Question

Я играю с добавлением аутентификации пользователя на моем сайте, используя OAuth.Я использую Twitter в качестве веб-сайта для аутентификации.

Когда я принимаю приложение на сайте Twitter, я отлично возвращаюсь на свой сайт.Тогда мне нужно что-то сделать с Tokens, которые возвращаются.Глядя на некоторый демонстрационный код, код хранит response.Token и response.TokenSecret в памяти (что НЕ рекомендуется).Рекомендуется хранить их в базе данных или в каком-либо постоянном хранилище.

Почему?

Для чего они используются?

Они вообще связаны с какими-либо пользователями?Я не понимаю отношения с рабочим процессом, а также с пользователями.

спасибо:)

Charles Short · Answer 1 · 15 сентября 2011

Если вашему приложению требуется доступ к защищенным ресурсам Twitter пользователя, оно должно будет использовать информацию пользователя (токен доступа и секрет токена) вместе с информацией вашего приложения (ключ потребителя и секрет клиента).постоянное пространство для хранения, и вы поделитесь этим и своим потребительским секретом со всем миром, тогда злонамеренный хакер сможет спамить аккаунт вашего пользователя.

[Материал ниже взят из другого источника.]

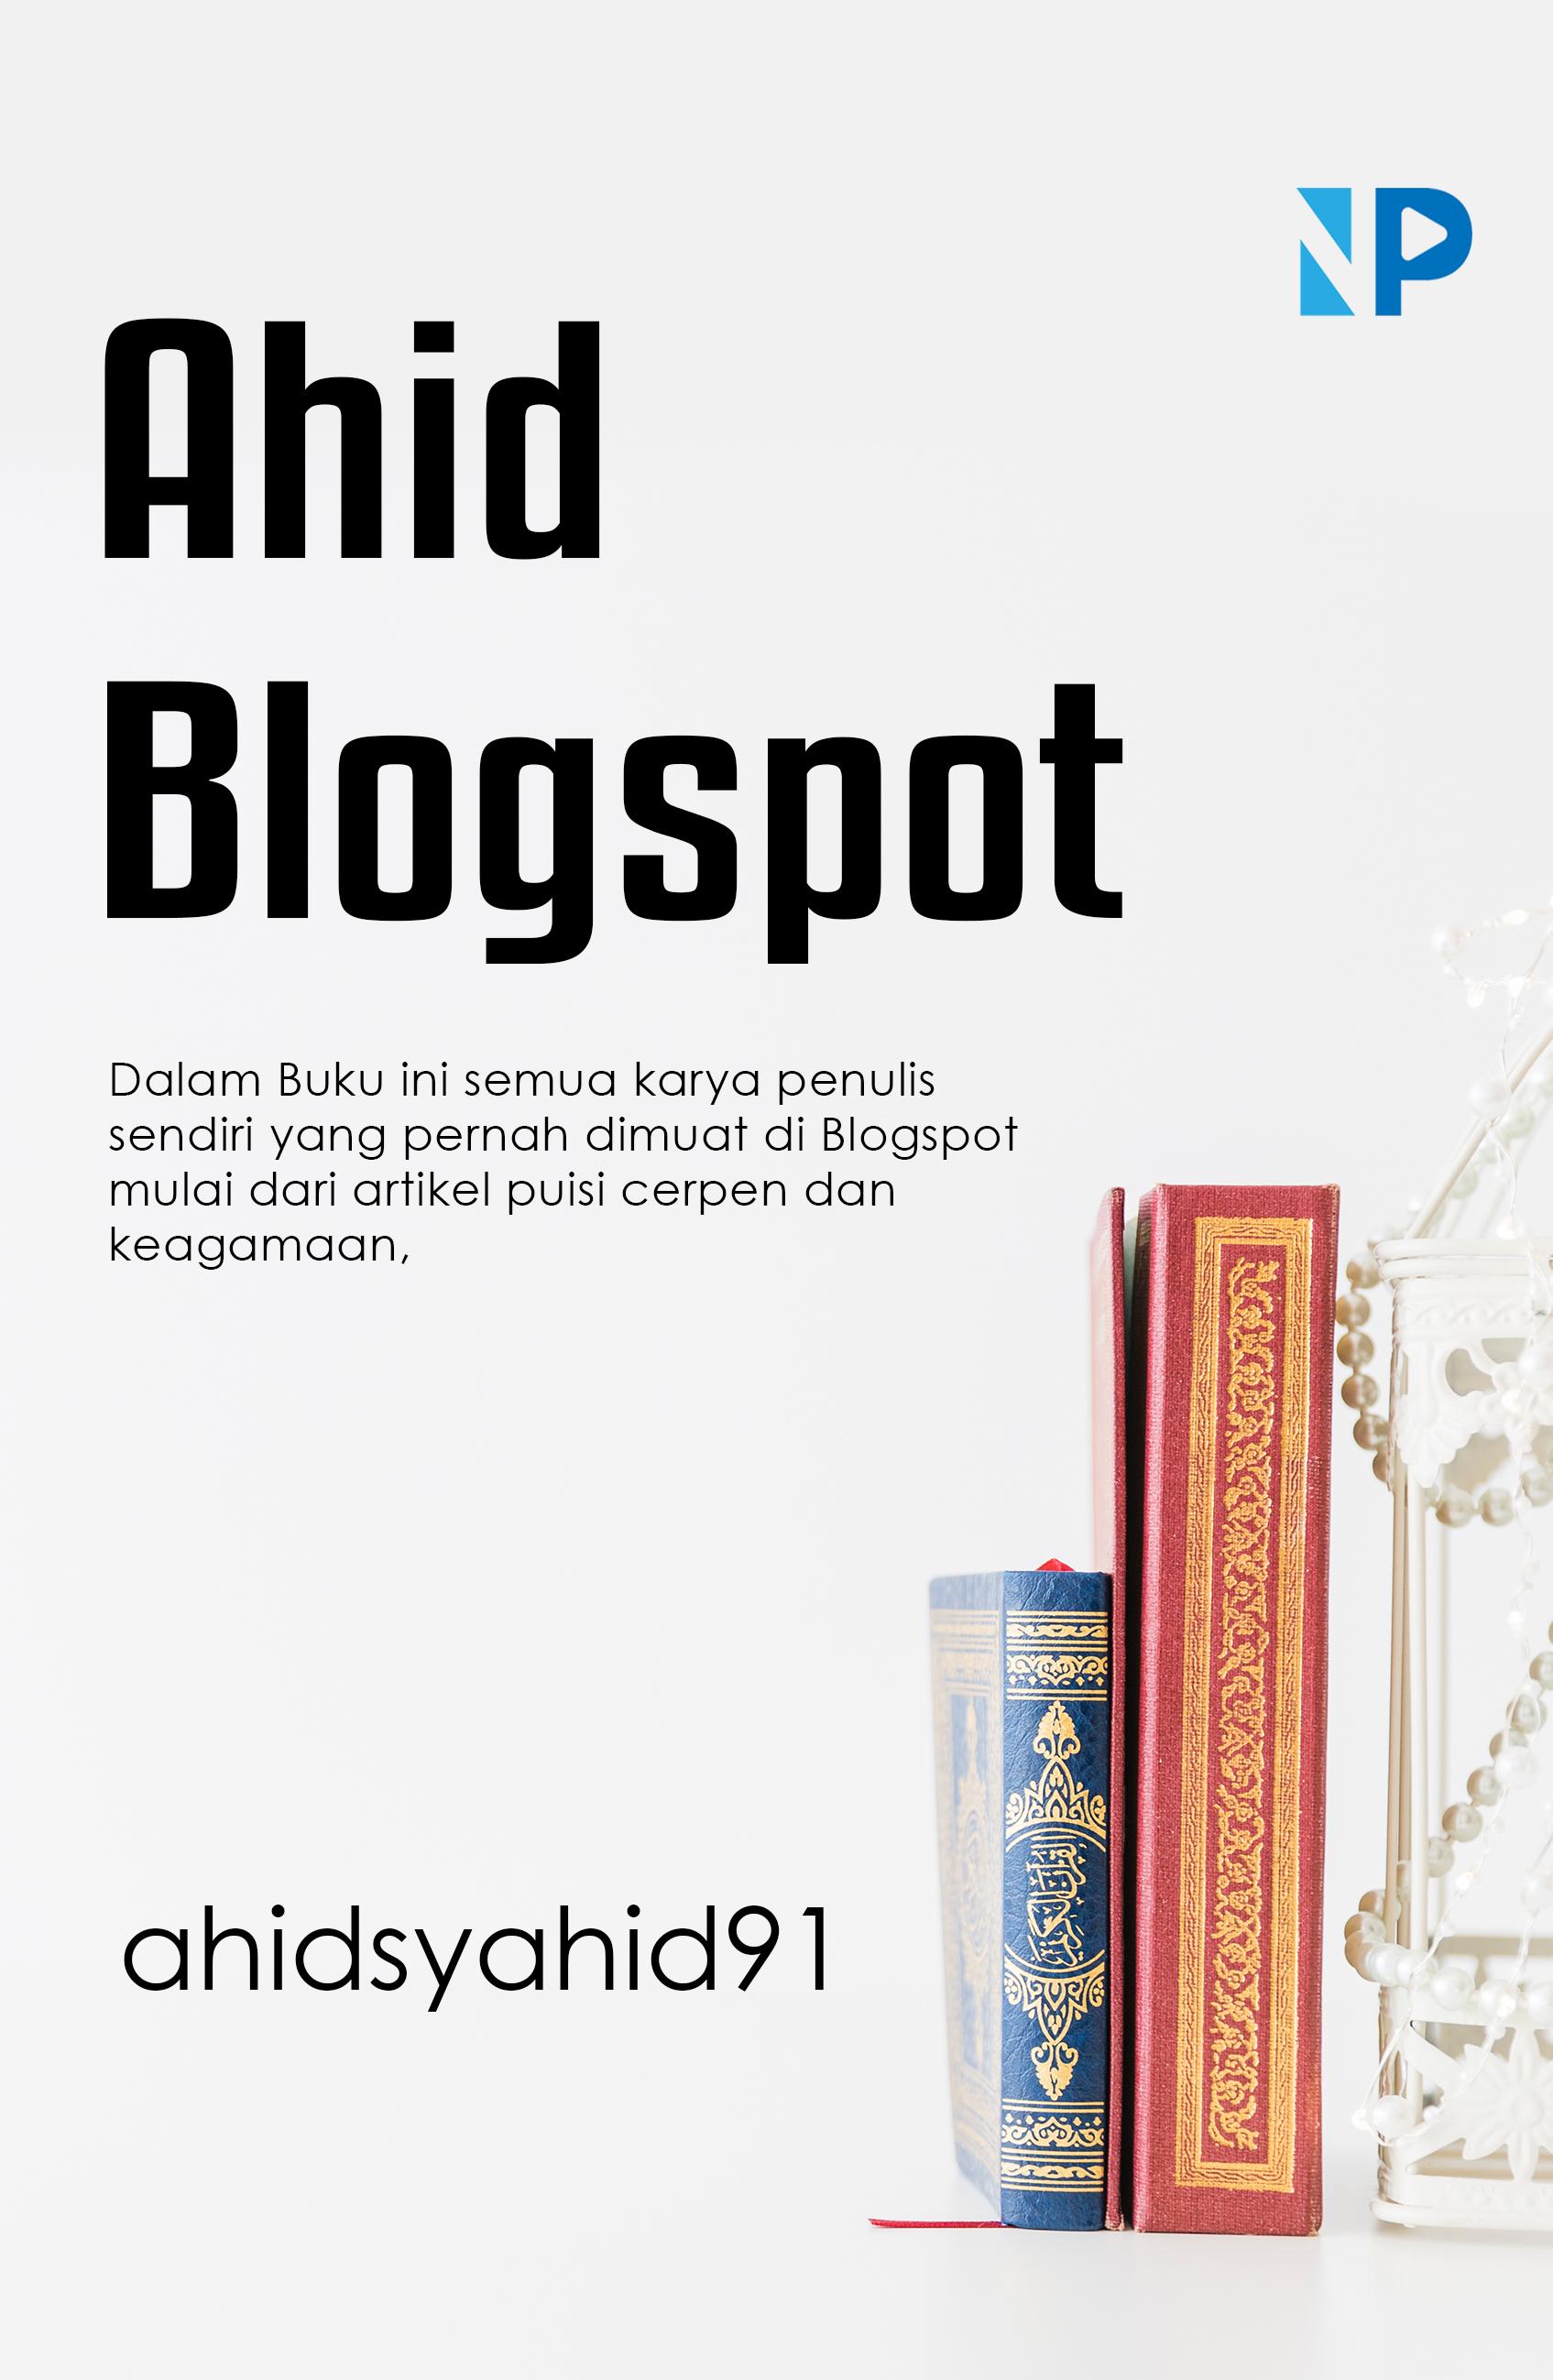 Ahid blogspot [sumber elektronis]

Jesvin Jose · Answer 2 · 15 сентября 2011

Безопасная система должна обещать вам

конфиденциальность - никто не читает ваше сообщение в пути
целостность - никто не саботирует ваше сообщение при передаче без вашего обнаружения
аутентификация - отправитель сообщения не является самозванцем

http://en.wikipedia.org/wiki/Security_testing

- отказ от ответственности: я не знаю деталей, это не является полномочным -

Протокол SSL / TLS, по которому вы отправляете свои сообщения (включая сообщения протокола OAuth), помогает с 1 и 2 и проверкой подлинности поставщика услуг (сертификаты).Пара токенов и секретных токенов помогает аутентифицировать вас с помощью криптографии с открытым ключом.Секрет токена гарантирует, что только пользовательское приложение сможет декодировать сообщение.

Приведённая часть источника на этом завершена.